# How many grams of oxygen are needed to produce .60 liters of carbon dioxide at stp?

Feb 21, 2018

Well, of course, we need to define $\text{STP}$....

#### Explanation:

...which is hard these days, because the professional bodies have conspired to make the definitions as confusing and as inaccessible as possible.

IUPAC specifies a temperature of $273.15 \cdot K$, and a pressure of $0.987 \cdot a t m$...and under these conditions ONE mole of ideal gas expresses a volume of $22.4 \cdot L$...

And so if we gots the combustion reaction....

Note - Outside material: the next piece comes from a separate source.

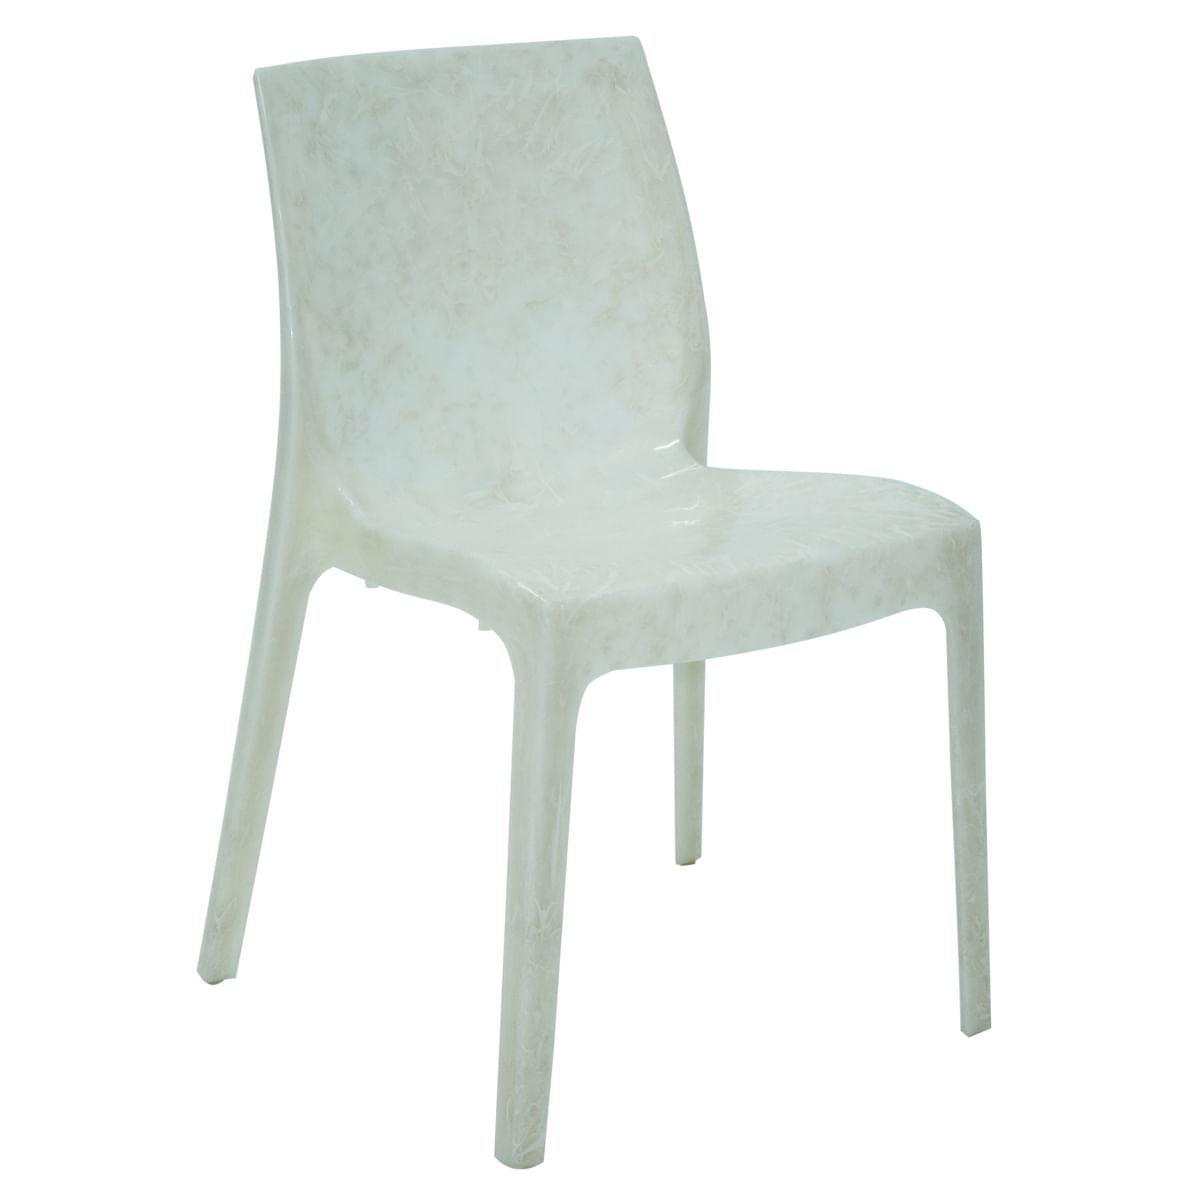 Cadeira Tramontina Alice em Polipropileno Pérola Branco
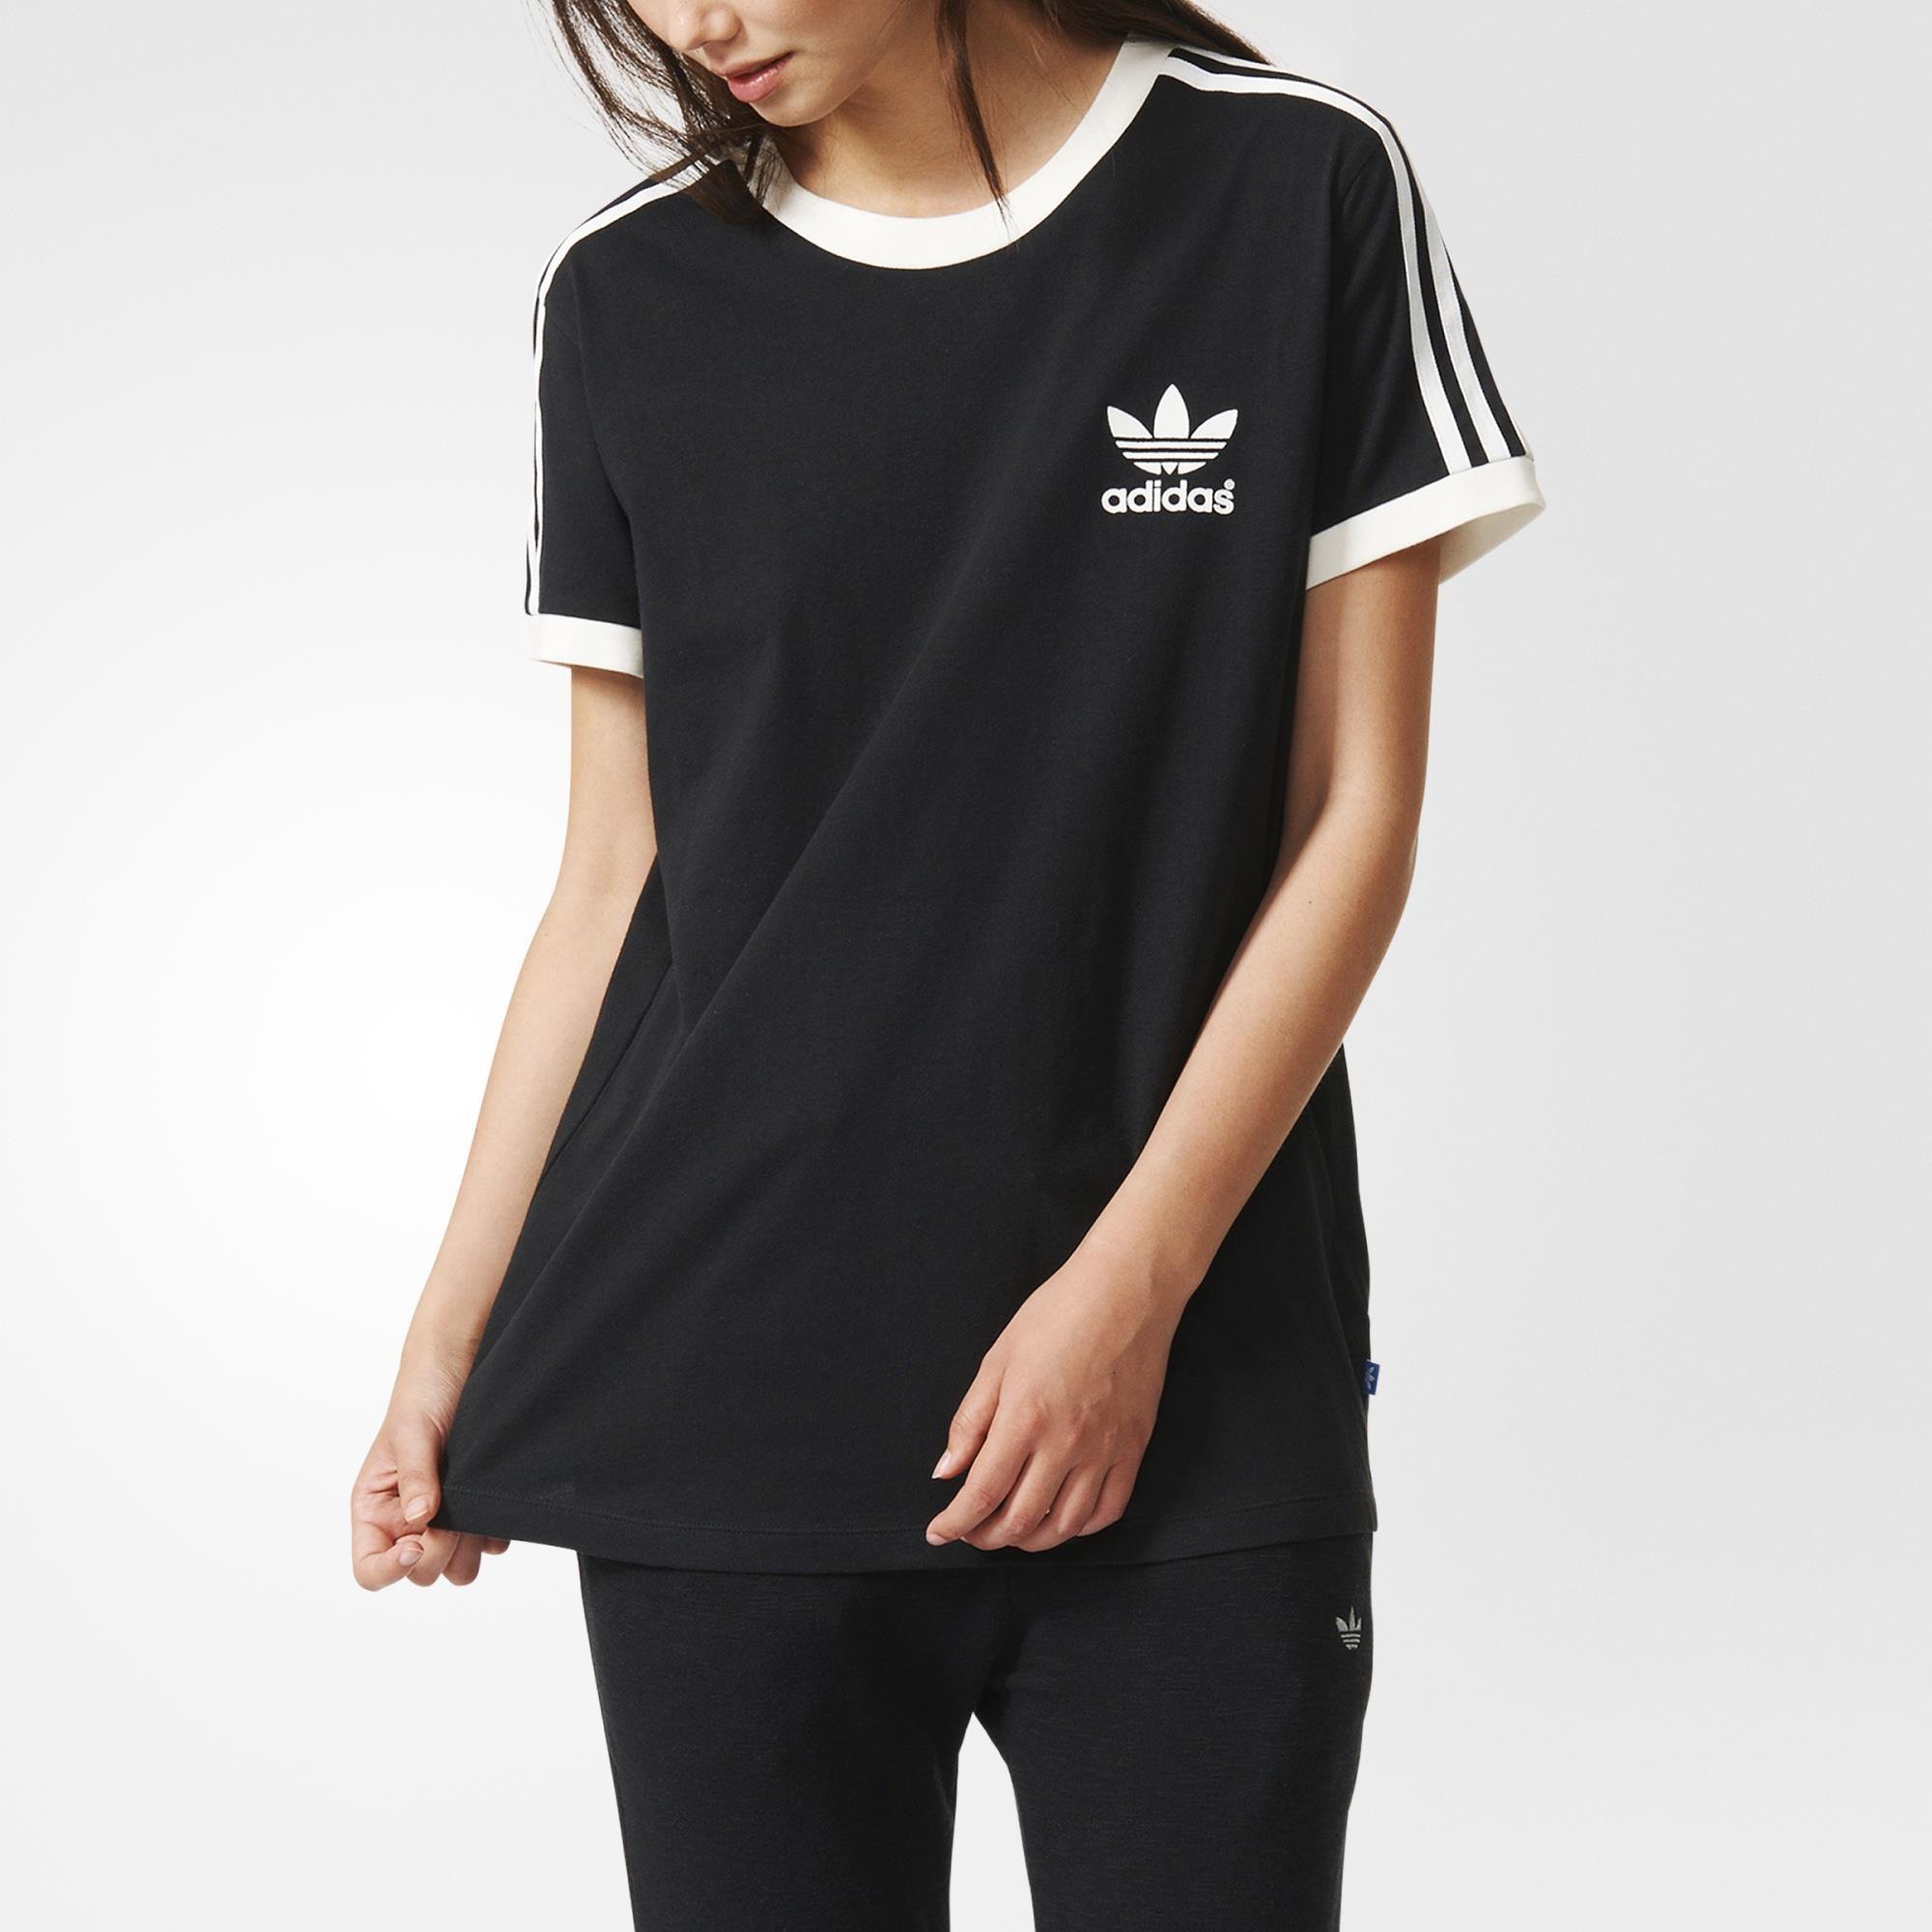 Black and white striped t shirt xxl - Adidas T Shirt Black White Adidas 3 Stripes Tee Black Adidas Uk

$C \left(s\right) + {O}_{2} \left(g\right) \rightarrow C {O}_{2} \left(g\right)$...I need an equiv quantity of dioxygen gas if $0.60 \cdot L$ carbon dioxide are evolved....(take that atmosphere!)..

And so $\text{moles of dioxygen gas} \equiv \frac{0.60 \cdot L}{22.4 \cdot L \cdot m o {l}^{-} 1} = 0.027 \cdot m o l$, i.e. a mass of $0.027 \cdot m o l \times 32.00 \cdot g \cdot m o {l}^{-} 1 = 0.86 \cdot g$.

When you sit an exam, the standard that you use, including the molar volume, should be printed as supplementary material.

Feb 21, 2018

You need 0.86 grams of oxygen to produce 0.60 liters of carbon dioxide at STP.

#### Explanation:

Oxygen has a molar mass of 16.00 g/mol. One mole of CO2 contains 32.00 grams of oxygen.

One mole equals 22.4L at standard temperature and pressure.

0.60L CO2 equals 0.0268 mol at STP.

(32g O) x (0.0268 mol) = 0.8576 g O